Sharing test data between languages
Many tests boil down to "check that passing these inputs to this function1 produces this result". There would be some benefits in sharing the inputs and expected outputs between implementations:
- DRY principle (don't repeat yourself);
- reducing the chances of things getting out of sync;
- more confidence that the two implementations really do the same thing;
- less typing / less code.
** Looping over test cases **
Standard unit-testing dogma tends to focus on the idea of testing small units using many tests, each containing a single assertion, usually as the last statement in the test.2 The benefit of using a single assertion is that when there's a failure it's very clear what it was, and an earlier failure doesn't prevent a later check (assertion) from being carried out: you get all your failures in one go. Less importantly, it also means that the number of tests executed is the same as the number of assertions tested, which might be useful and psychologically satisfying.
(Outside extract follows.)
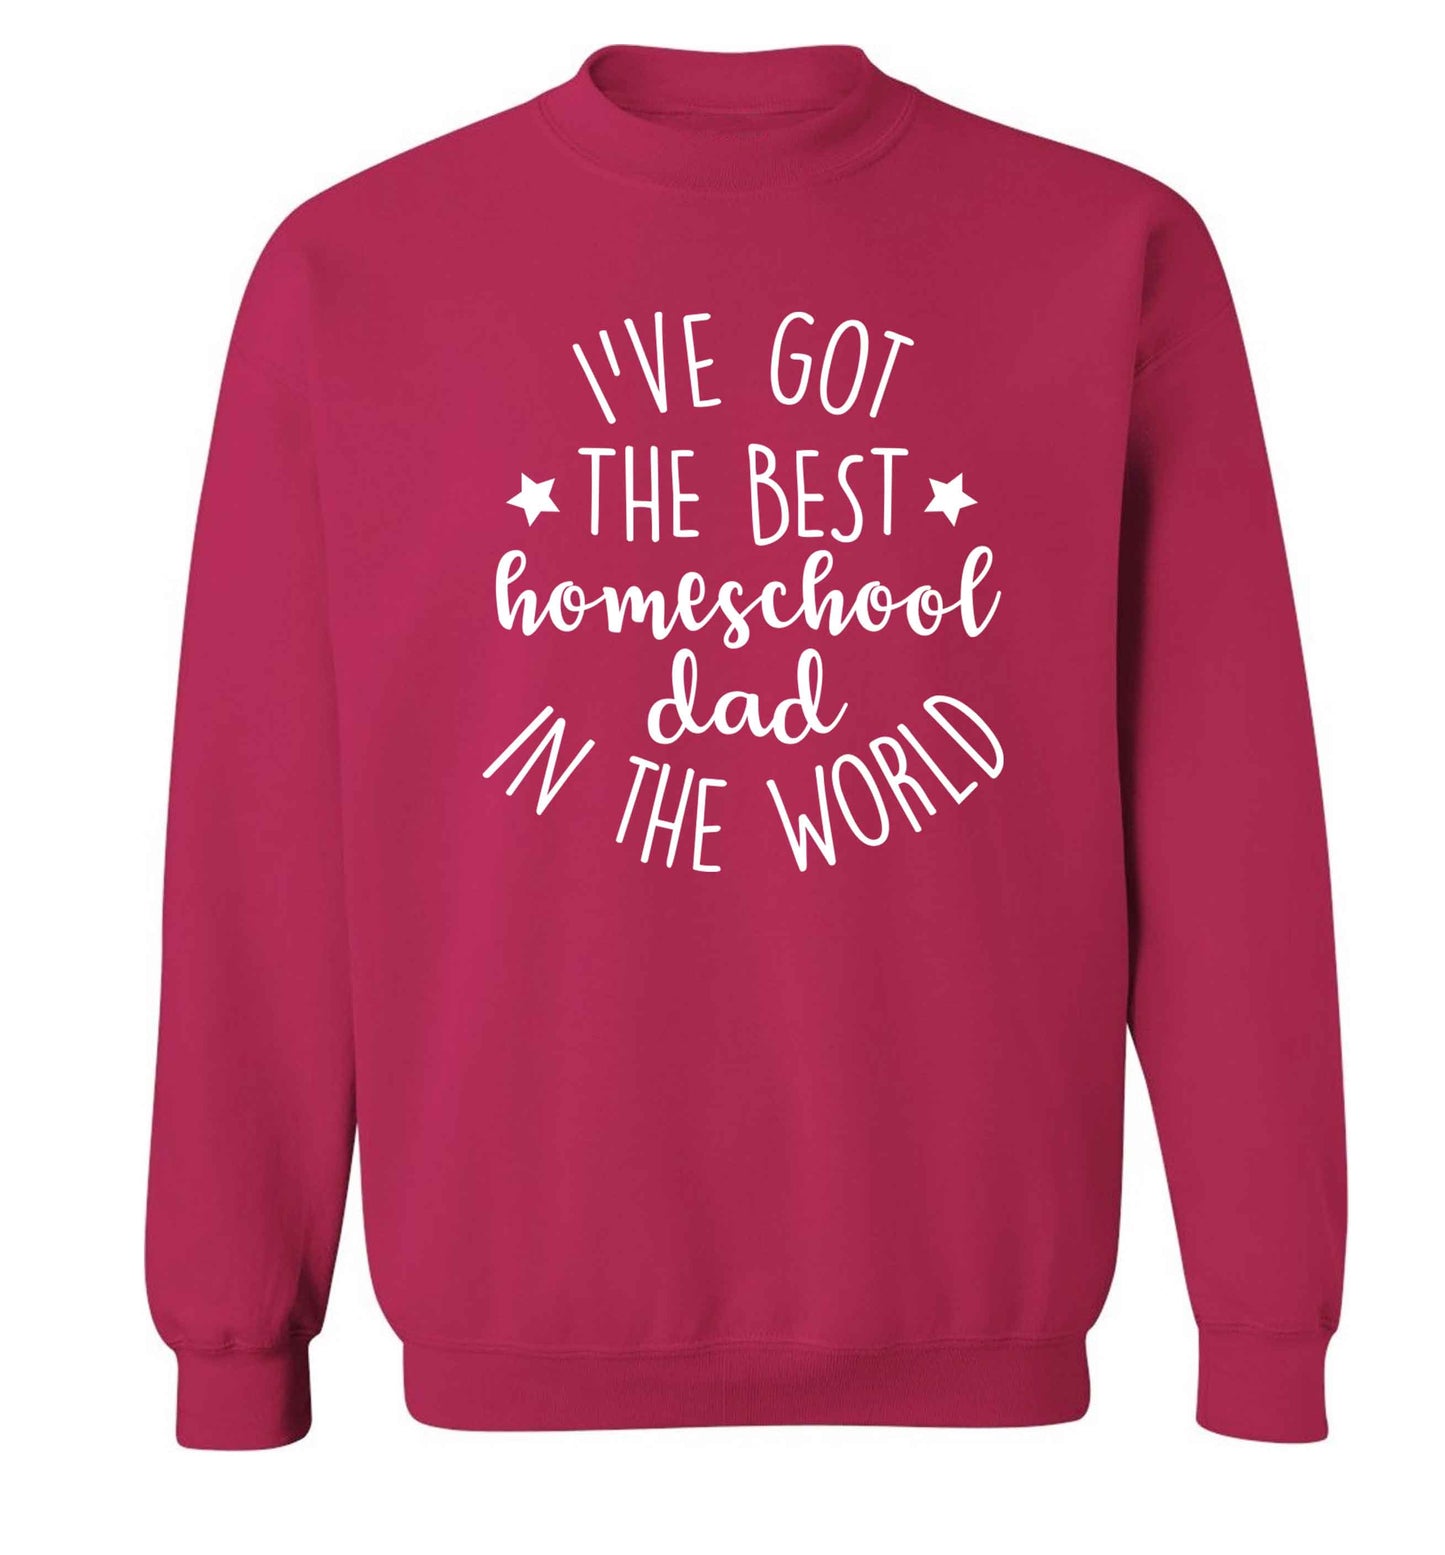 I've got the best homeschool dad in the world Adult's unisex pink Sweater 2XL

On the other hand, it is extremely common to want to test multiple input-output pairs and it is natural and convenient to collect those together and loop over them. I do this all the time, and the reference testing capability in the TDDA library already helps mitigate some downsides of this approach in some situations.
A common way I do this is to loop over a dictionary or a list of tuples
specifying input-output pairs. For example, if I were testing a function
that did string slicing from the left in python (string[:n]
)
I might use something like
cases = {
('Catherine', 4): 'Cath',
('Catherine', -6): 'Cath', # deliberately wrong, for illustration
('', 7): '',
('Miró forever', 4): 'Miró',
('Miró forever', 0): ' ' # also deliberately wrong
}
for (text, n), expected in cases.items():
self.assertEqual(left_string(text, n), expected)
In Python this is fine, because tuples, being hashable, can be used
as dictionary keys, and there's something quite intuitive and satisfying
about the cases being presented as lines of the form
input: expected output
. But I also often just use nested tuples or lists,
partly as a hangover from older versions of Python in which dictionaries
weren't sorted.3 Here's a full example using tuples:
from tdda.referencetest import ReferenceTestCase
def left_string(s, n):
return s[:n]
class TestLeft(ReferenceTestCase):
def testLeft(self):
cases = (
(('Catherine', 4), 'Cath'),
(('Catherine', -6), 'Cath'), # deliberately wrong, for illustration
(('', 7), ''),
(('Miró forever', 4), 'Miró'),
(('Miró forever', 0), ' ') # also deliberately wrong
)
for (text, n), expected in cases:
self.assertEqual(left_string(text, n), expected)
if __name__ == '__main__':
ReferenceTestCase.main()
As noted above, two problems with this are:
- if one test case fails, it's not necessarily easy to figure out which
one it was, especially if expected values (e.g.
'Cath'
) are repeated. - an earlier failure prevents later cases from running.
We can see both of these problems if we run this:
$ python3 looptest.py
F
======================================================================
FAIL: testLeft (__main__.TestLeft)
----------------------------------------------------------------------
Traceback (most recent call last):
File "looptest.py", line 18, in testLeft
self.assertEqual(left_string(text, n), expected)
AssertionError: 'Cat' != 'Cath'
- Cat
+ Cath
? +
----------------------------------------------------------------------
Ran 1 test in 0.000s
FAILED (failures=1)
It's actually the second case that failed, and the fifth case would also fail if it ran (since it should produce an empty string, not a space).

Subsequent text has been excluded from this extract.